## PROMPT
Only an exact repetition of the lines from the one holding "Photo of Stacked" to the end of the data is wanted, with pictures left out.

## INFORMATION PROVIDED

+ + + +

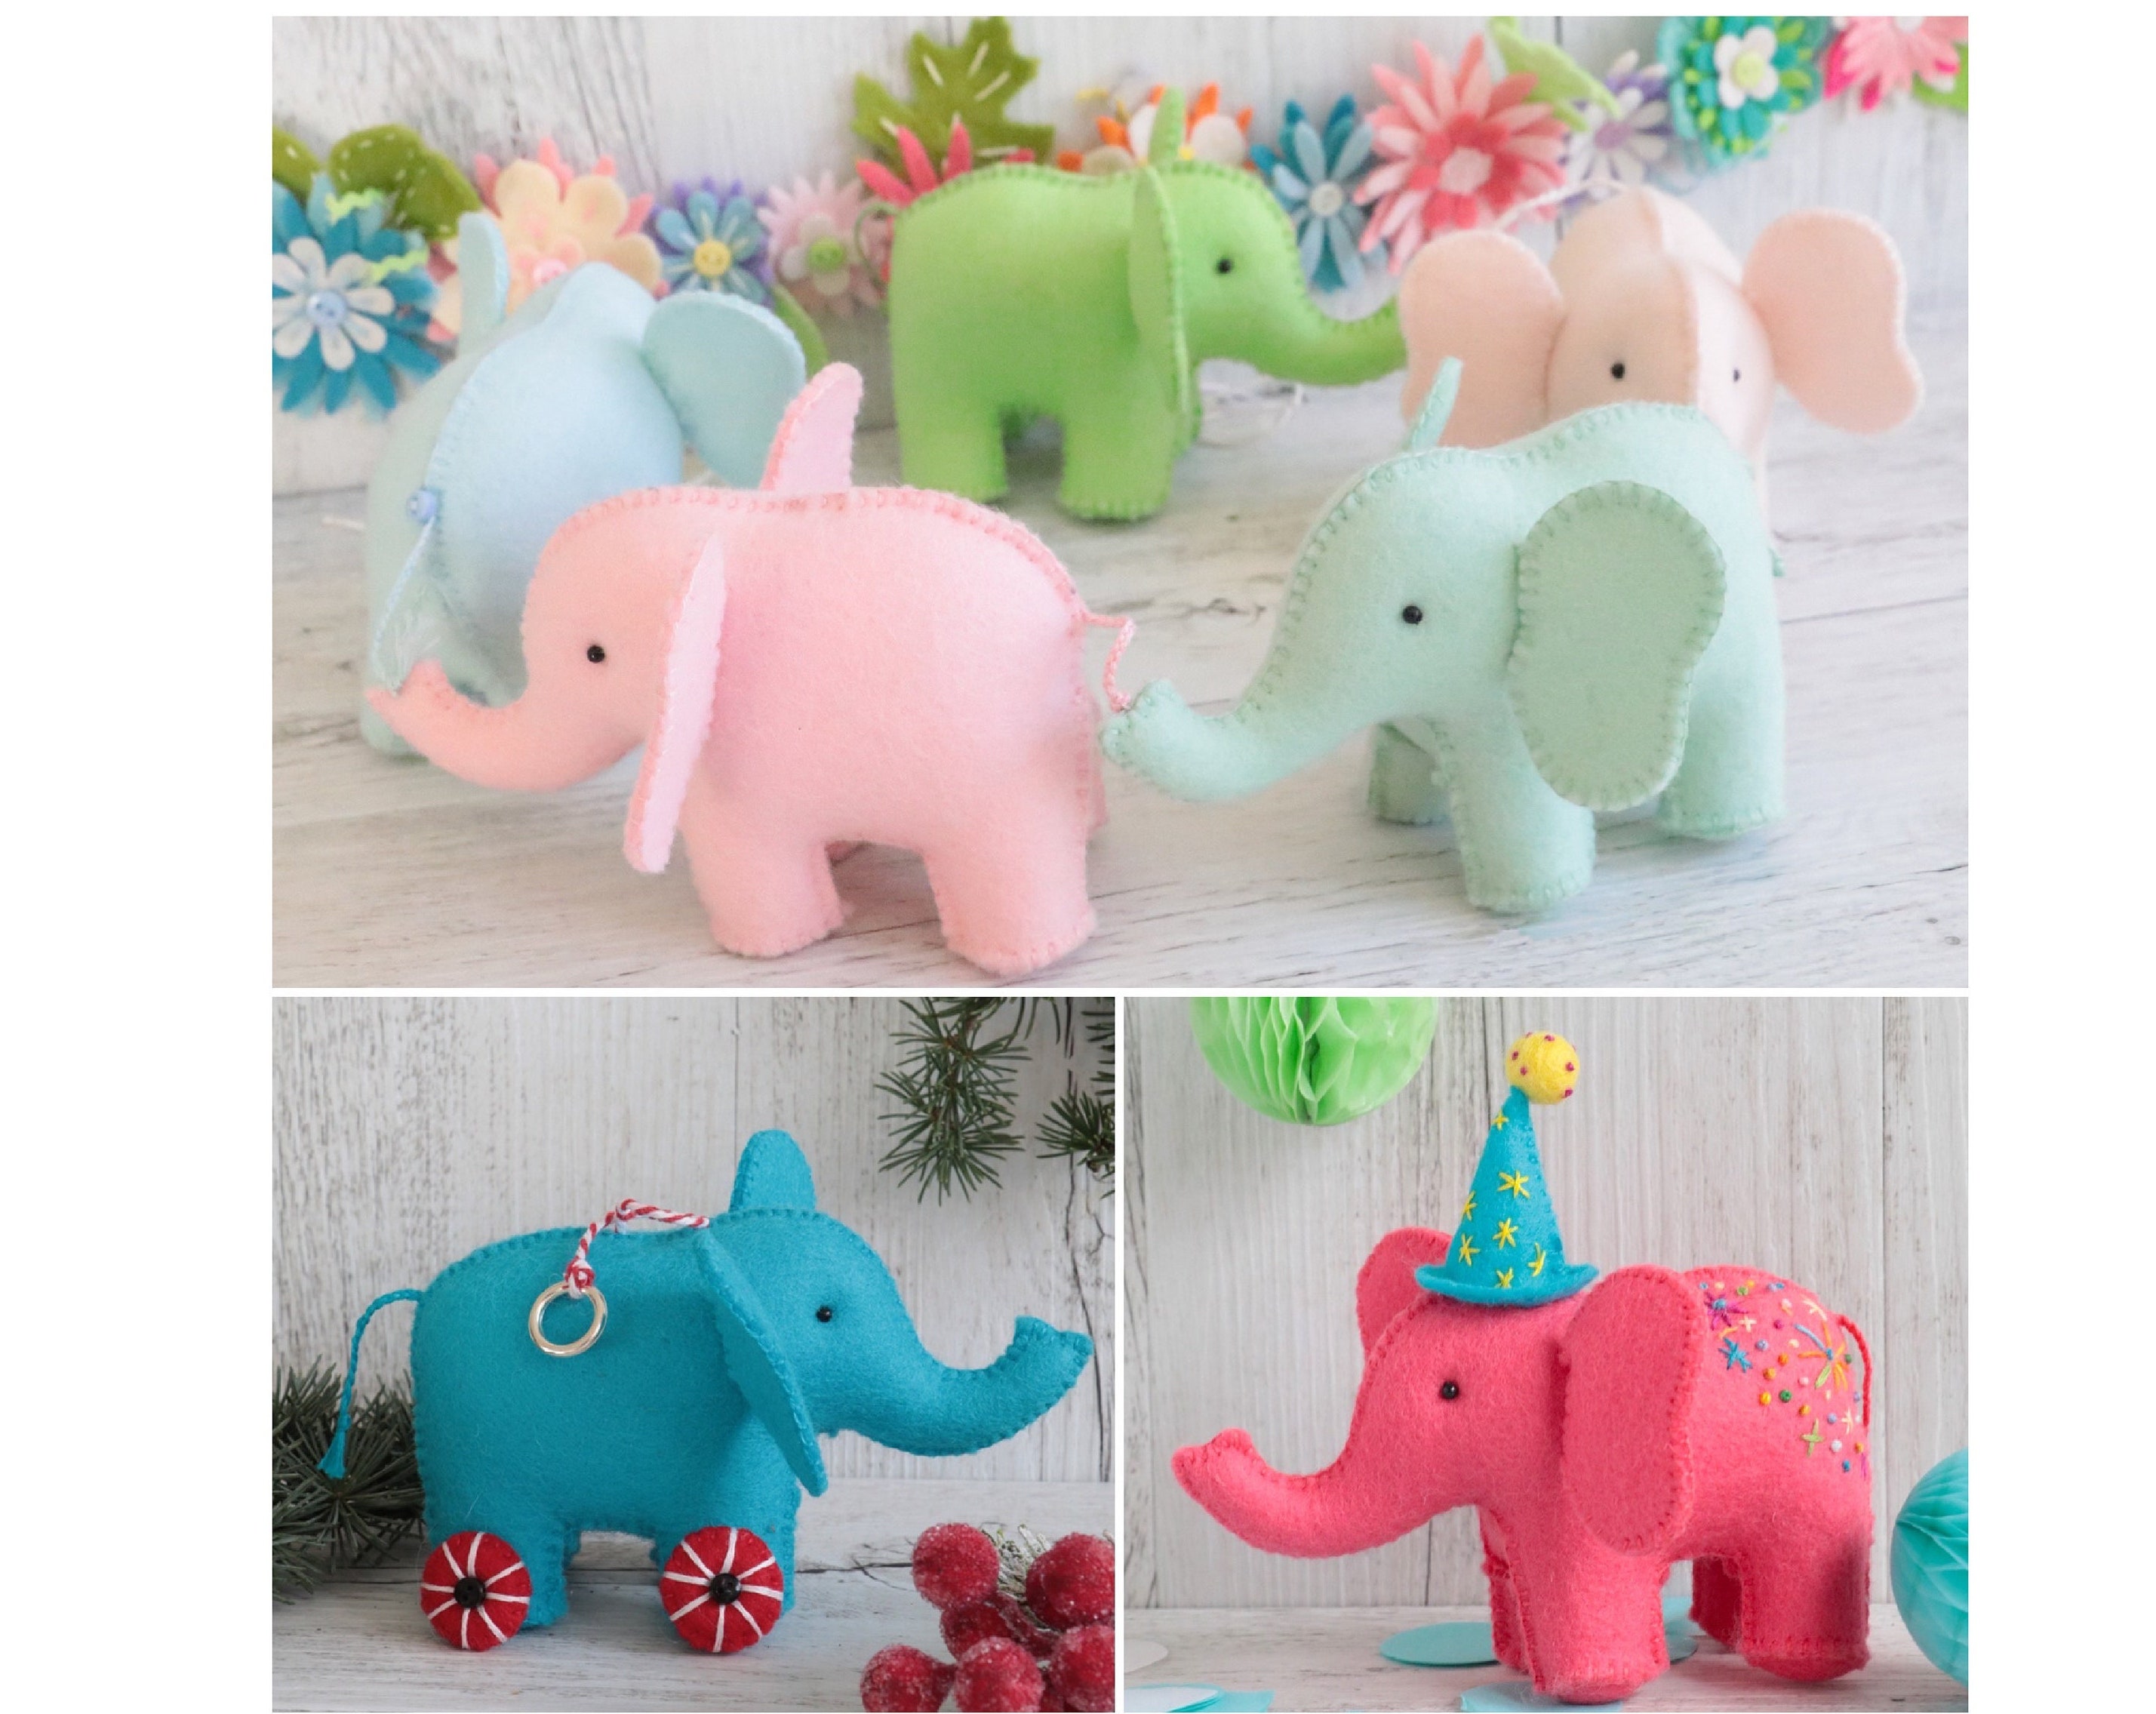  Lovely Elephant Decor Template with Instructions
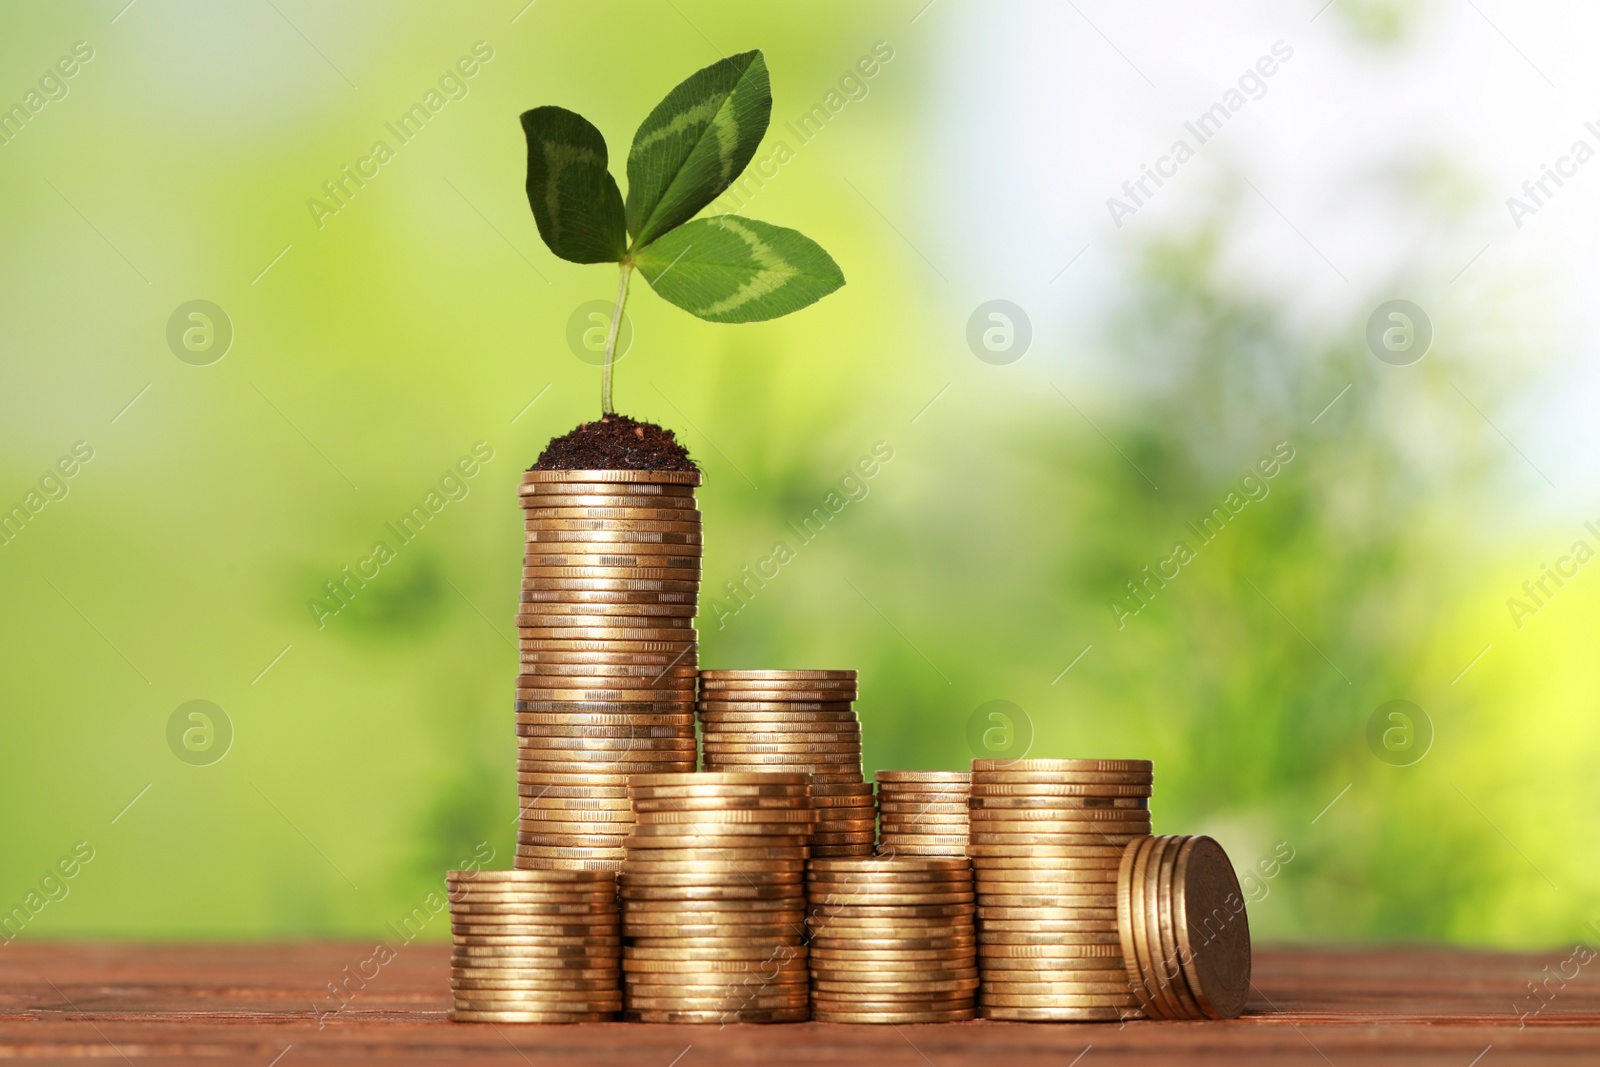 Photo of Stacked coins and green sprout on wooden table against blurred background. Investment concept
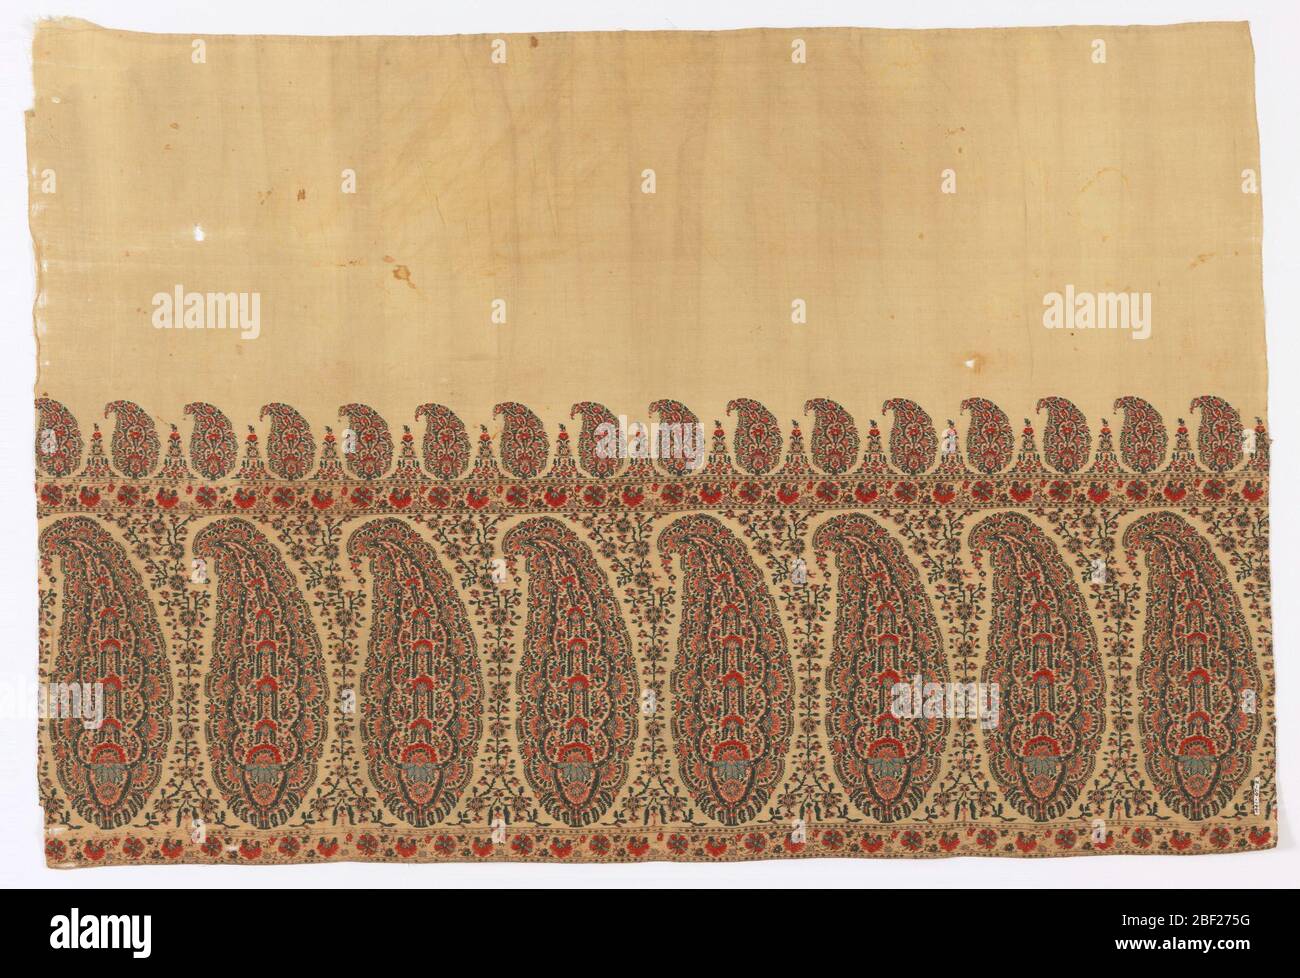 Shawl border. Fragment of a shawl border with an ivory colored field and a deep boder of boteh or paisley forms filled with tiny floral forms. Flanked top and bottom with a narrow band with a repeating design of carnations, alternating frontal and profile view. Stock Photo

+ + + +

## RESULT OF THIS EXERCISE
 Photo of Stacked coins and green sprout on wooden table against blurred background. Investment concept
 Shawl border. Fragment of a shawl border with an ivory colored field and a deep boder of boteh or paisley forms filled with tiny floral forms. Flanked top and bottom with a narrow band with a repeating design of carnations, alternating frontal and profile view. Stock Photo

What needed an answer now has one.